Keine Hoffnung auf Trendwende

Der Absturz der RWE-Aktie hinterlässt tiefe Spuren in den städtischen Haushalten. Ob in Duisburg, Essen, Mülheim, Oberhausen oder Bochum. "Alle Städte haben mit hohen Defiziten zu kämpfen. Und gerade im Ruhrgebiet aufgrund der Strukturschwäche tun wir uns schwer, Alternativen aufzubauen", sagt Bochums Kämmerer. Vor der Energiewende gehörten RWE-Aktien zum Tafelsilber der Kommunen, das Geld in die Kassen hätte bringen können. Doch das hat sich, so Manfred Busch, gravierend geändert. "Je niedriger der Kurs wird, desto uninteressanter ist die Verkaufsvariante. Aber Gedanken macht man sich natürlich schon."

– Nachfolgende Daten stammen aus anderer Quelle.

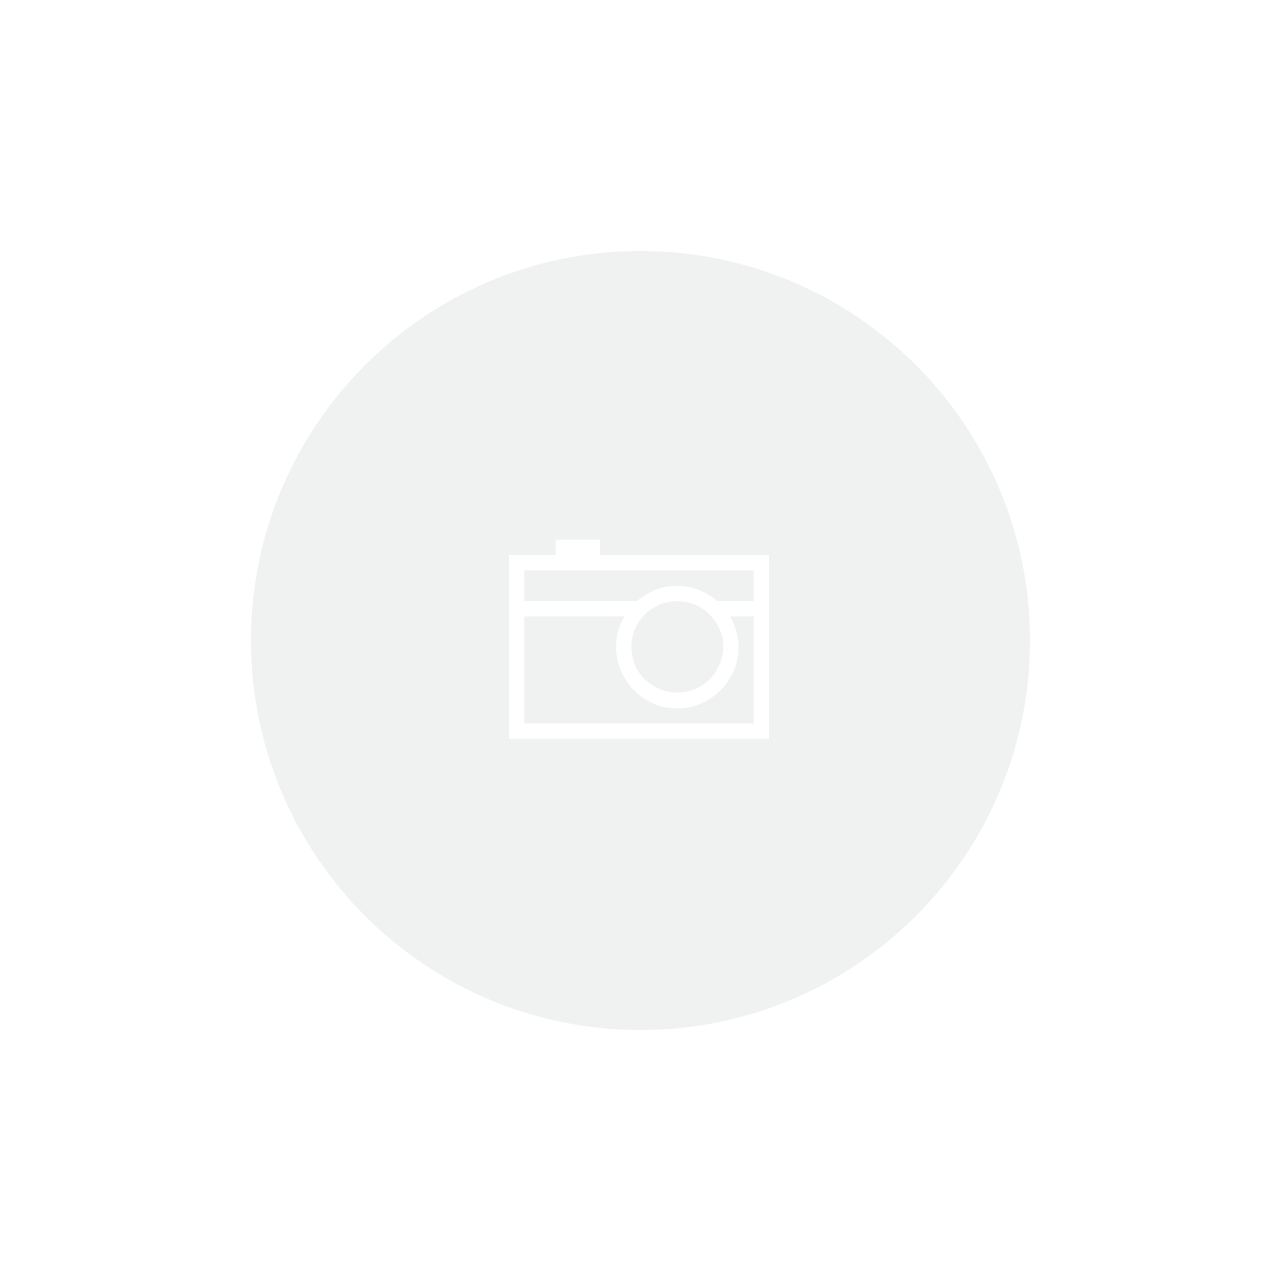 CÂMBIO TRASEIRO SHIMANO XTR 11/12V 2019 (KRDM9100SGS)

Bochums Kämmerer Dr. Manfred BuschBild: Frank Gazon

Dass der Energiekonzern die Trendwende schafft und die RWE-Aktie sich alsbald erholt, daran allerdings glaubt Bochums Kämmerer Manfred Busch ebenso wenig wie seine Kollegen in den Nachbarstädten. "Die Wirklichkeit ist wahrscheinlich eine andere. Die Energiepolitik lässt es nicht zu. Und die Klimapolitik auch nicht. RWE lebt von Braunkohlekraftwerken. Das ist nicht die Zukunft. Und ob der Umbau des Konzerns so schnell gelingen kann, das ist fraglich.“

Kommunen wie Bochum bleibt nichts anderes übrig, als die Bürger durch Anhebung von Abgaben stärker zur Kasse zu bitten. Busch nennt ein paar Beispiele. "Wir haben - wie alle anderen Städte auch - die Hundesteuer erhöht. Insbesondere haben wir auch die Grundsteuer mehrfach erhöht, um die steigenden Belastungen finanzieren zu können und die Defizite nicht weiter steigern zu müssen." Durch den rapiden Wertverlust der RWE-Aktie von rund 40 Prozent in kurzer Zeit kommen die Kämmerer aus dem Kreis der kommunalen Aktionäre nicht herum, den Rotstift weiter anzusetzen.